Copy everything in the data below exactly except the pictures.

*** SOURCE MATERIAL Section Begins ***

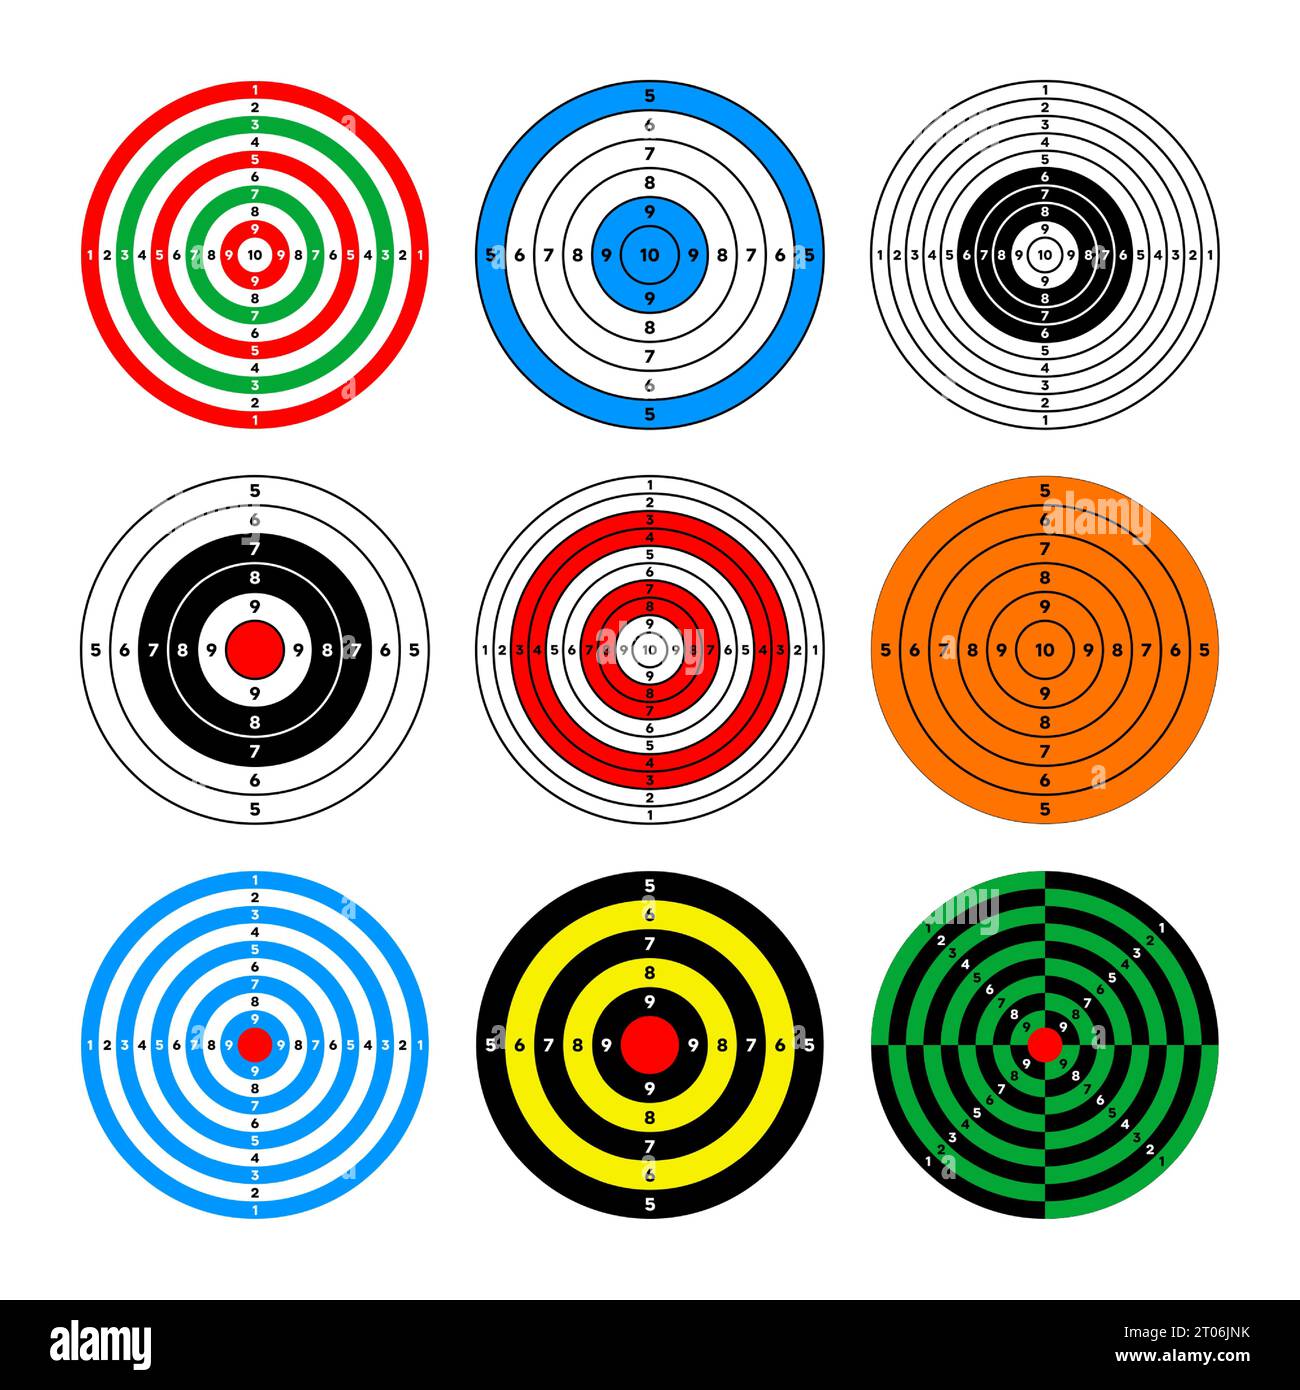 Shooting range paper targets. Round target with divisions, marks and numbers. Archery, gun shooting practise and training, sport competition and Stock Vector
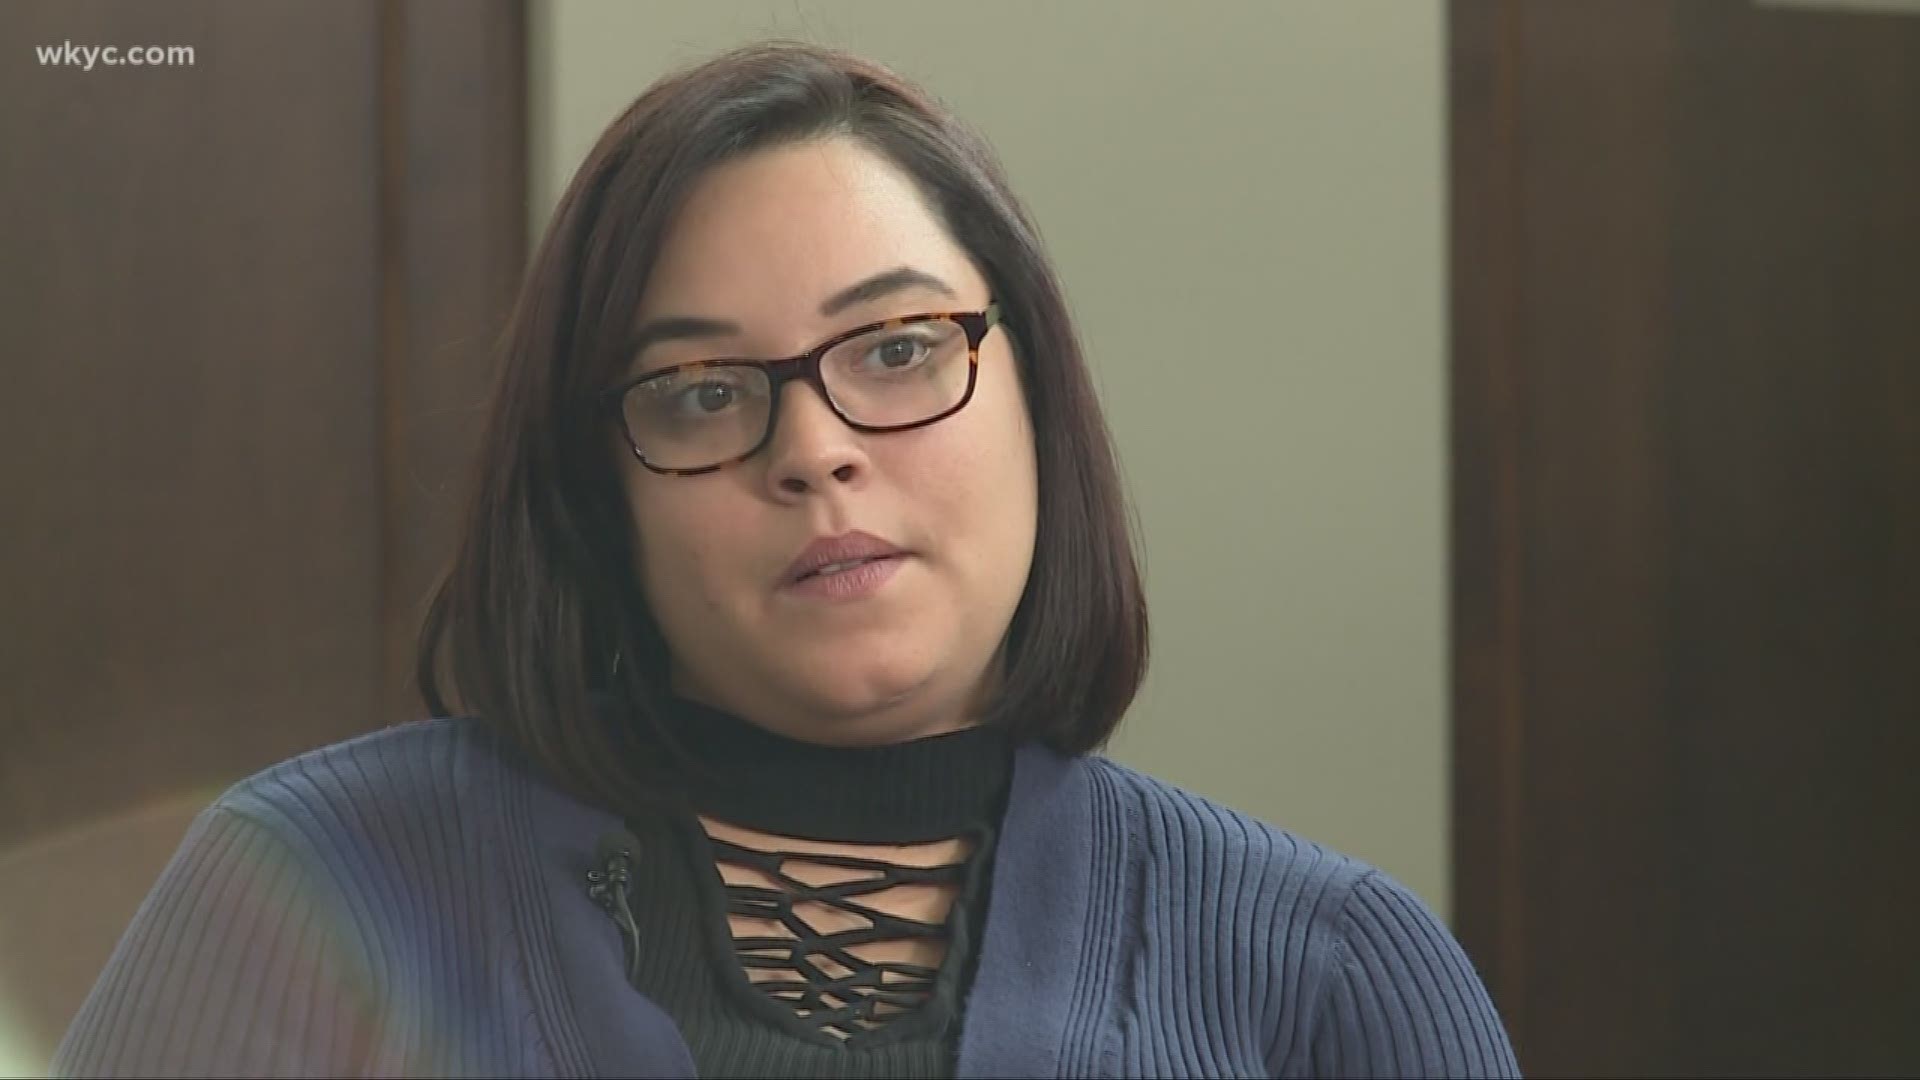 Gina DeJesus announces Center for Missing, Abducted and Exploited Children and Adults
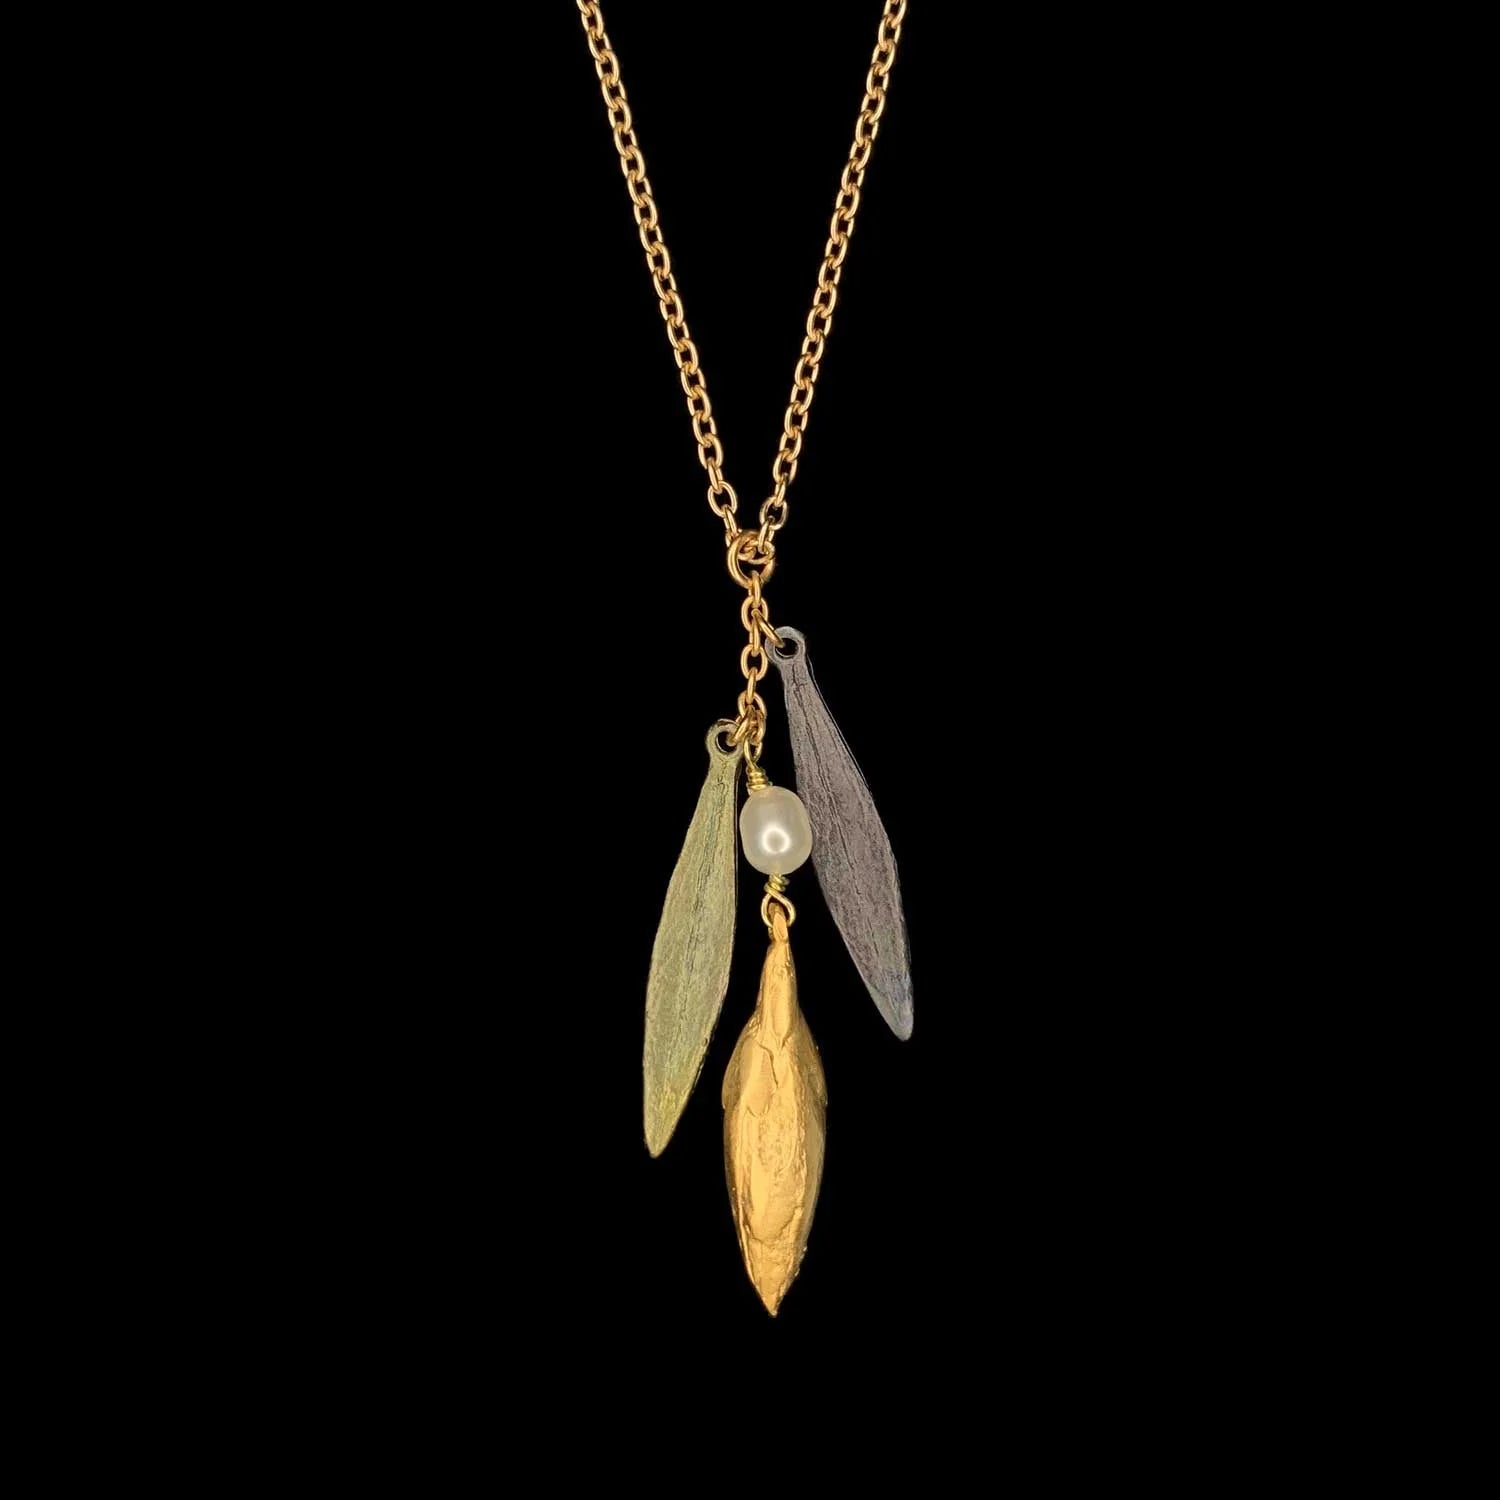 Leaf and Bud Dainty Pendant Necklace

*** SOURCE MATERIAL Section Ends ***

*SOLVED PROBLEM*
 Shooting range paper targets. Round target with divisions, marks and numbers. Archery, gun shooting practise and training, sport competition and Stock Vector
 Gina DeJesus announces Center for Missing, Abducted and Exploited Children and Adults
 Leaf and Bud Dainty Pendant Necklace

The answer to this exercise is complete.